Your reproduction of the entries should be exact and should contain no pictures.

Dataset items
★ ★ ★ ★ ★

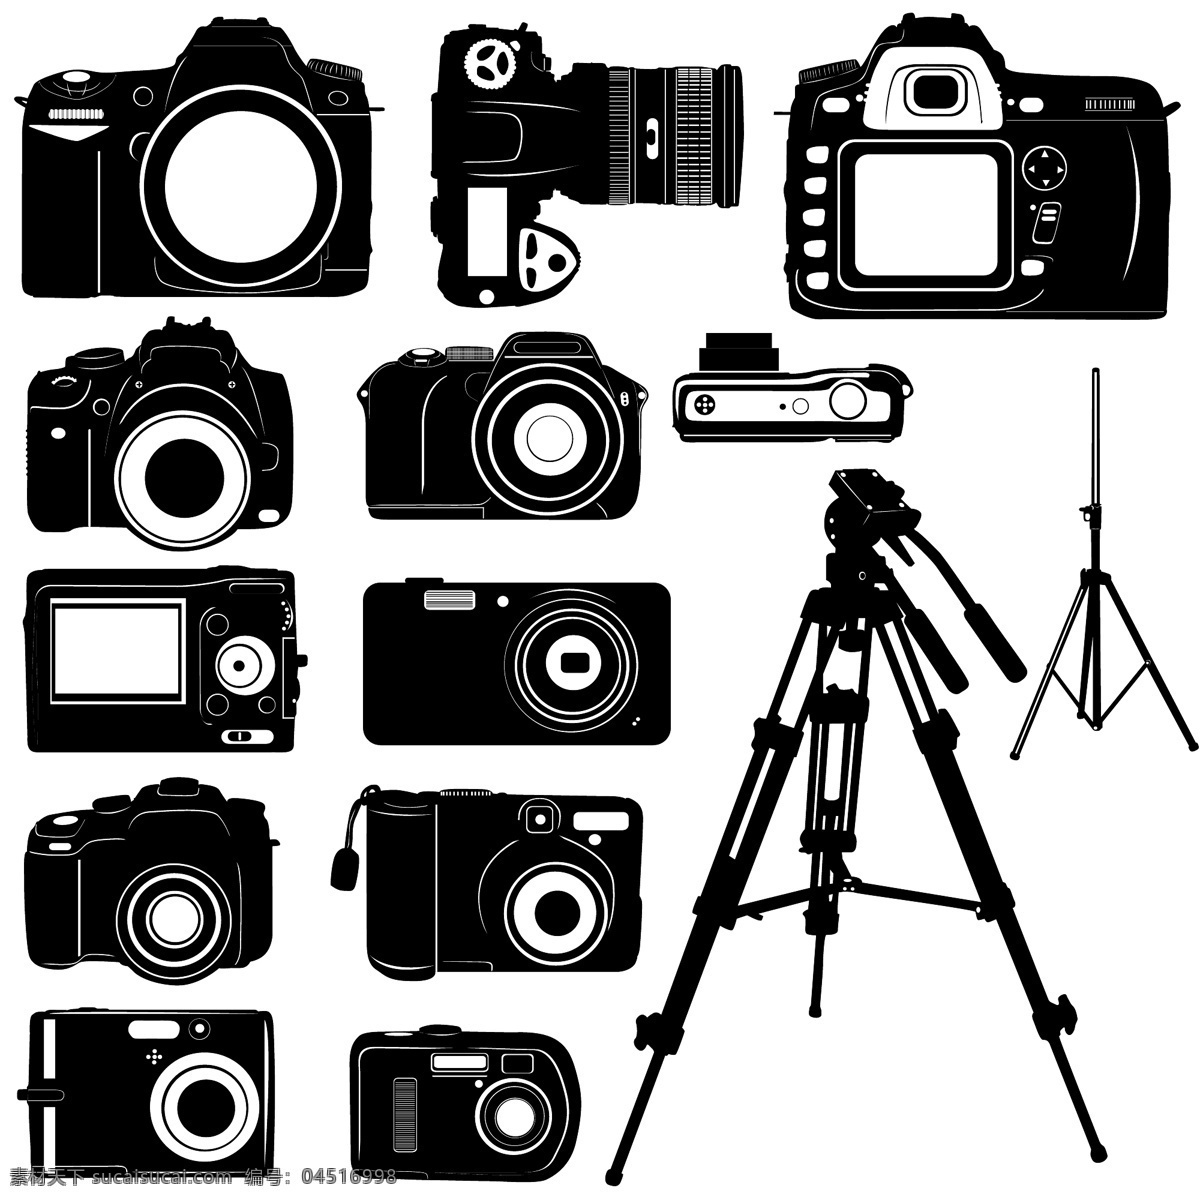 黑白 相机 其他矢量 矢量素材 矢量图库 矢量 模板下载 黑白相机 psd源文件
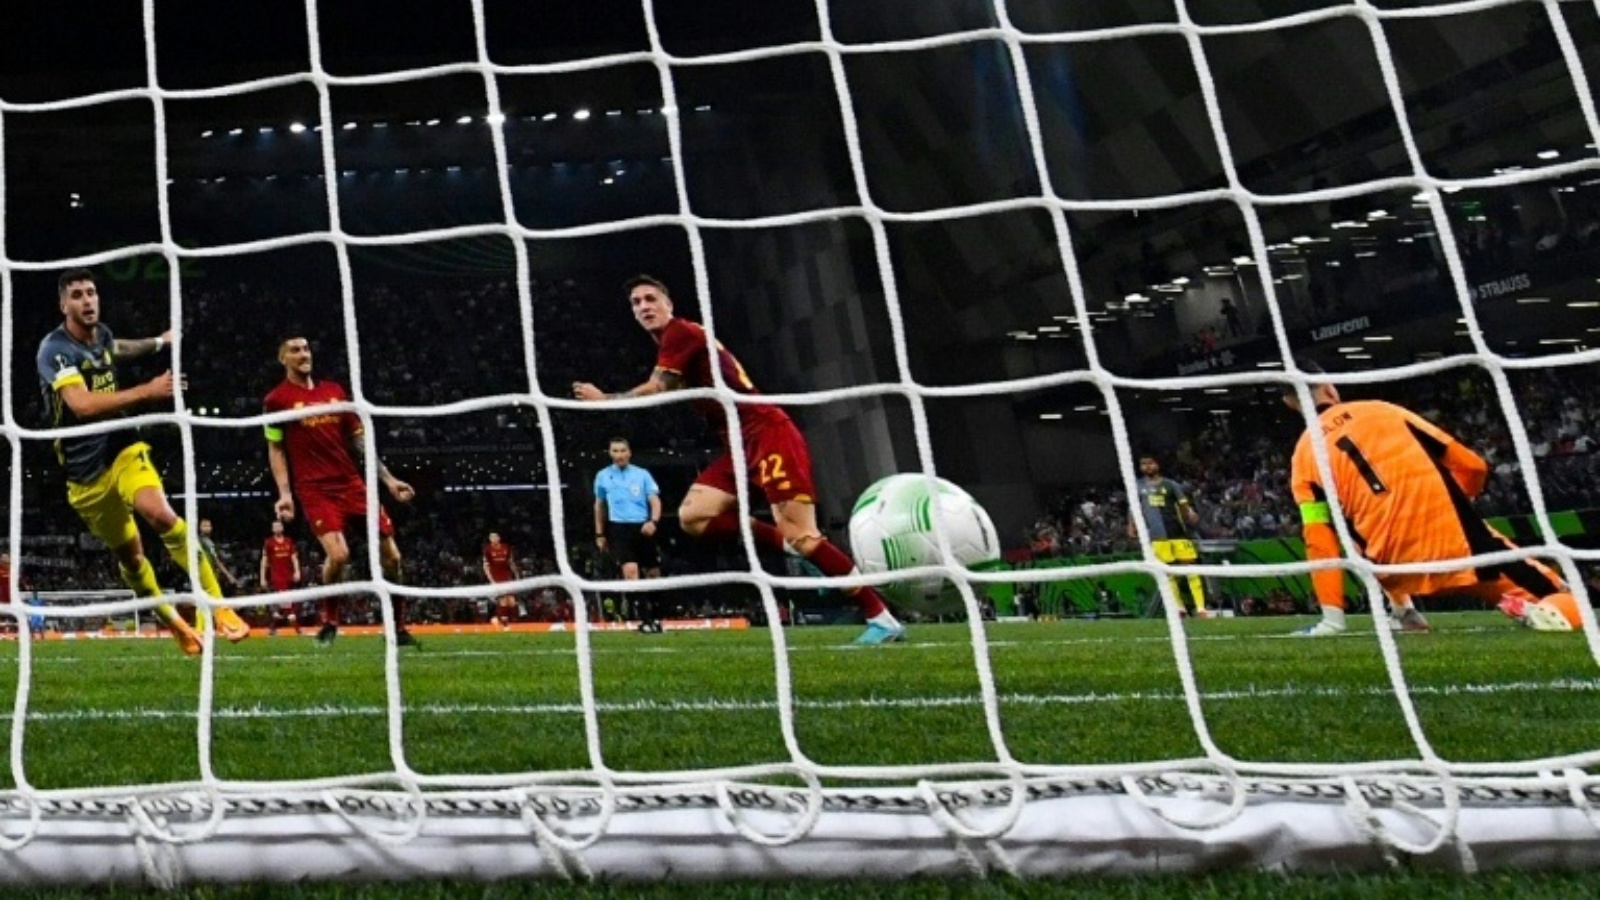 سجل نيكولو زانيولو هدف الفوز لروما بلقب مسابقة كونفرنس ليغ في الموسم الماضي
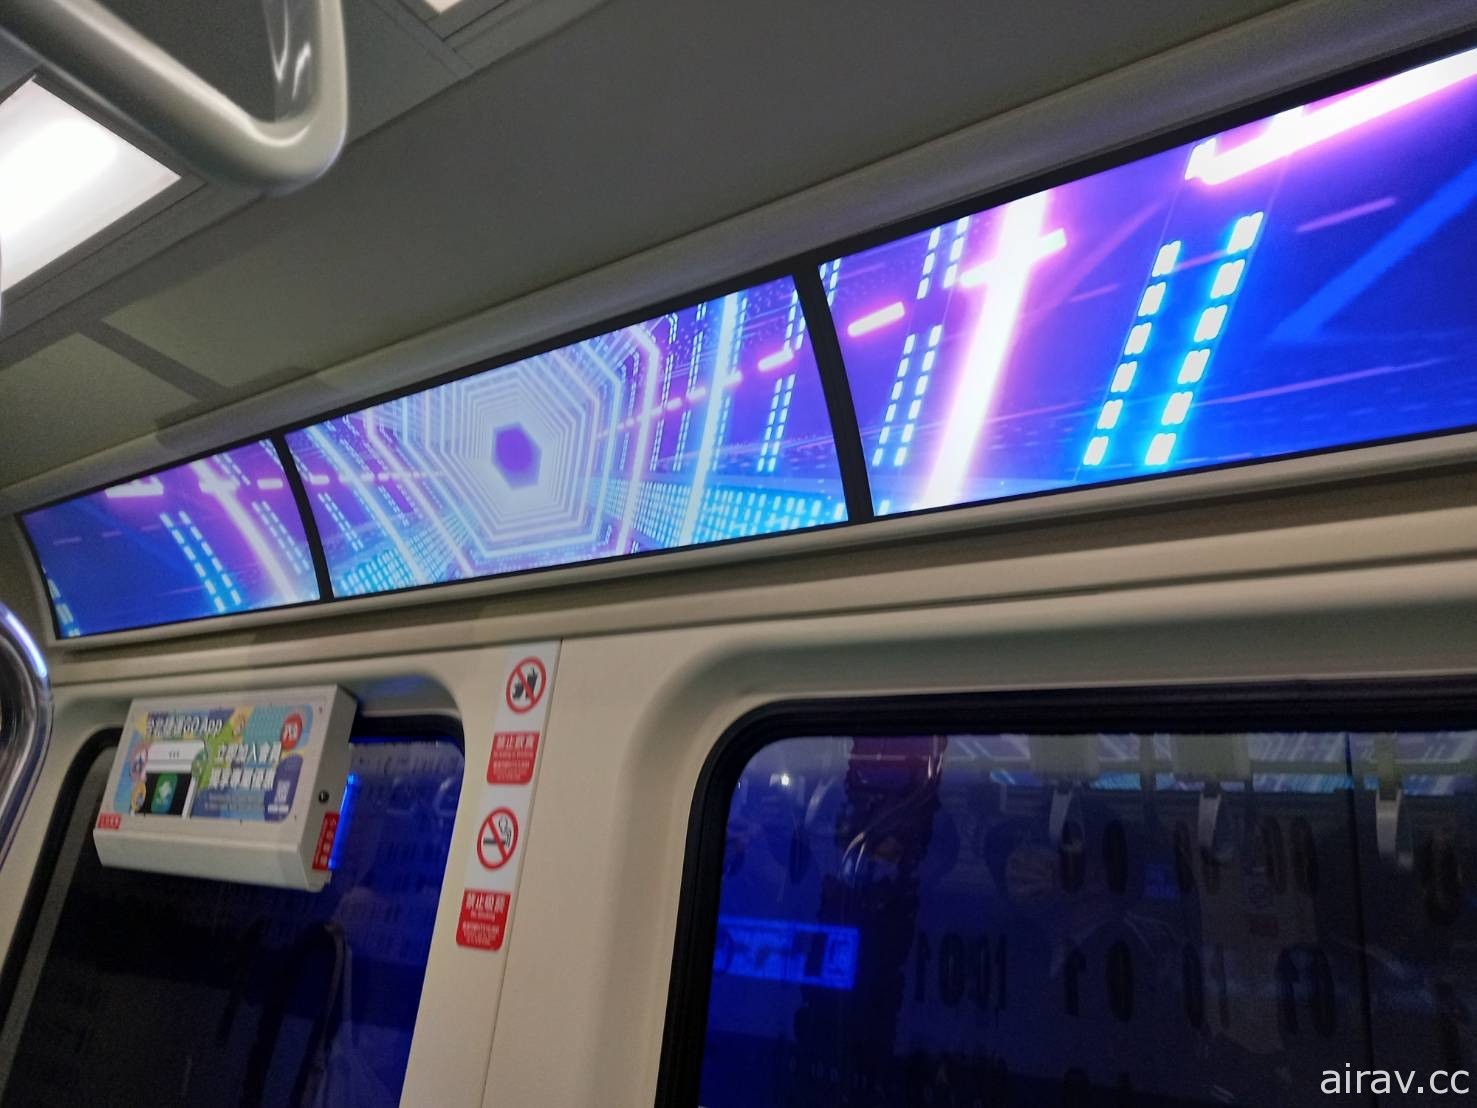 滿滿都是寶可夢！北捷板南線「Smart Display Metro 數位列車」今日上路
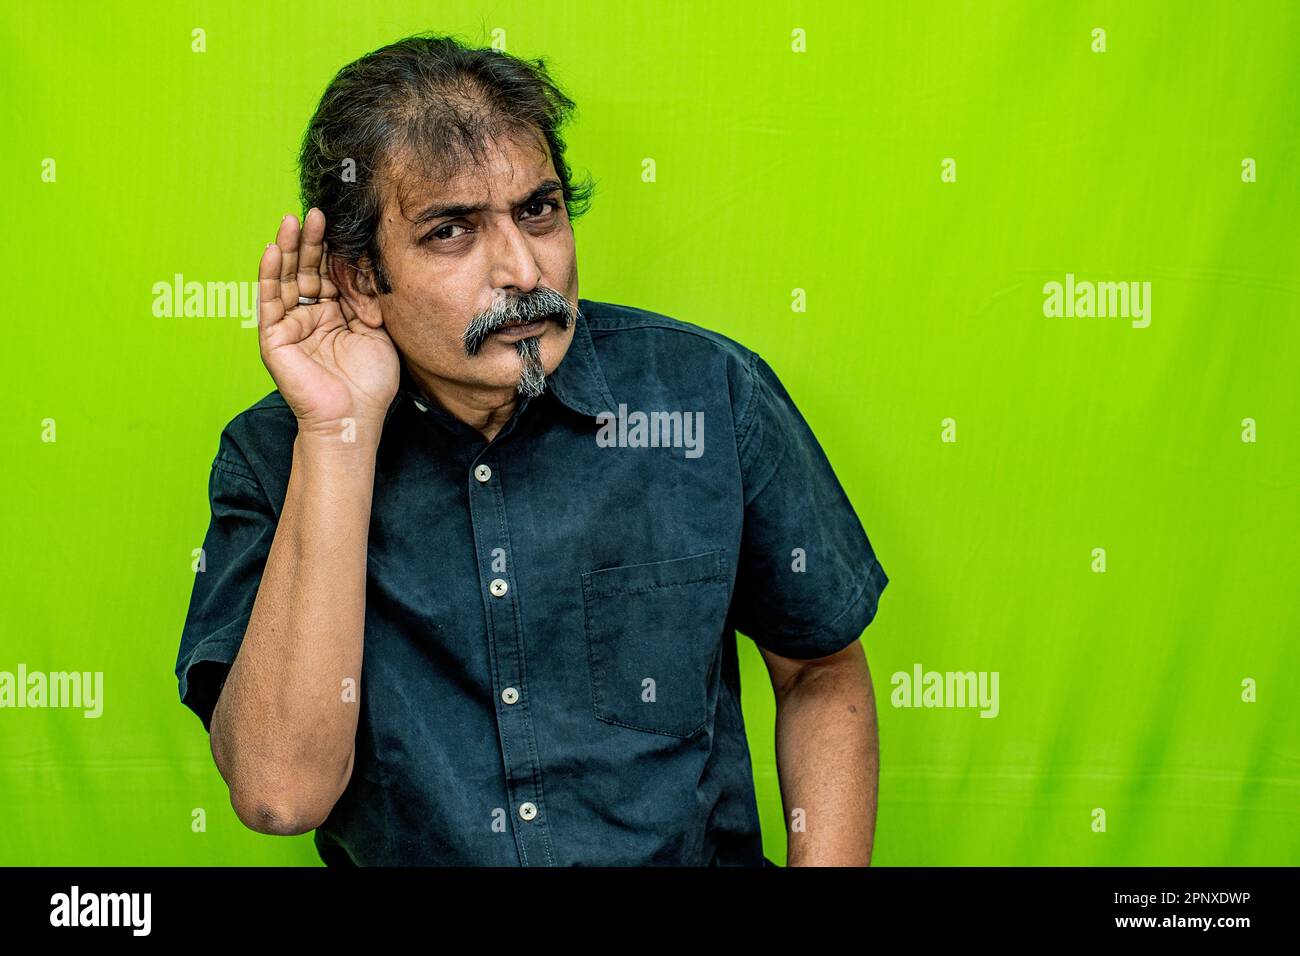 Ein Geschäftsmann in einem schwarzen Hemd steht vor einem grünen Hintergrund und schüttelt sich bewusst sein rechtes Ohr, als ob er versuchen würde, ein leises oder geheimes Geräusch zu hören Stockfoto
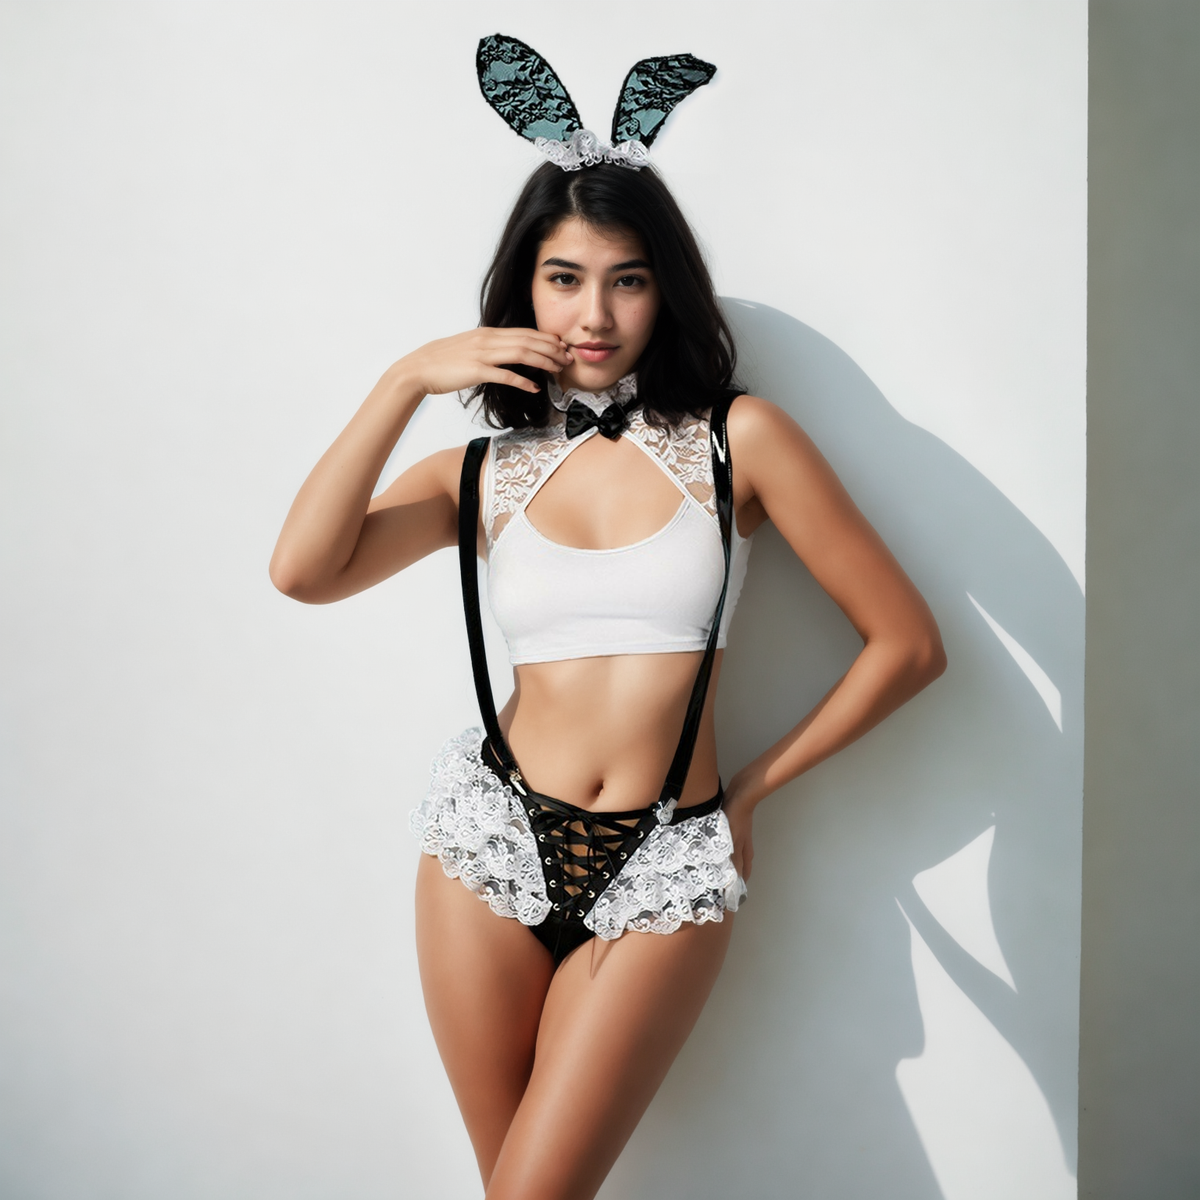 Cottontail Cutie Rabbit Costume Lingerie: Unveil Your Playful Side

★ ★ ★ ★ ★

### Answer area
 黑白 相机 其他矢量 矢量素材 矢量图库 矢量 模板下载 黑白相机 psd源文件
 سجل نيكولو زانيولو هدف الفوز لروما بلقب مسابقة كونفرنس ليغ في الموسم الماضي
 滿滿都是寶可夢！北捷板南線「Smart Display Metro 數位列車」今日上路
 Ein Geschäftsmann in einem schwarzen Hemd steht vor einem grünen Hintergrund und schüttelt sich bewusst sein rechtes Ohr, als ob er versuchen würde, ein leises oder geheimes Geräusch zu hören Stockfoto
 Cottontail Cutie Rabbit Costume Lingerie: Unveil Your Playful Side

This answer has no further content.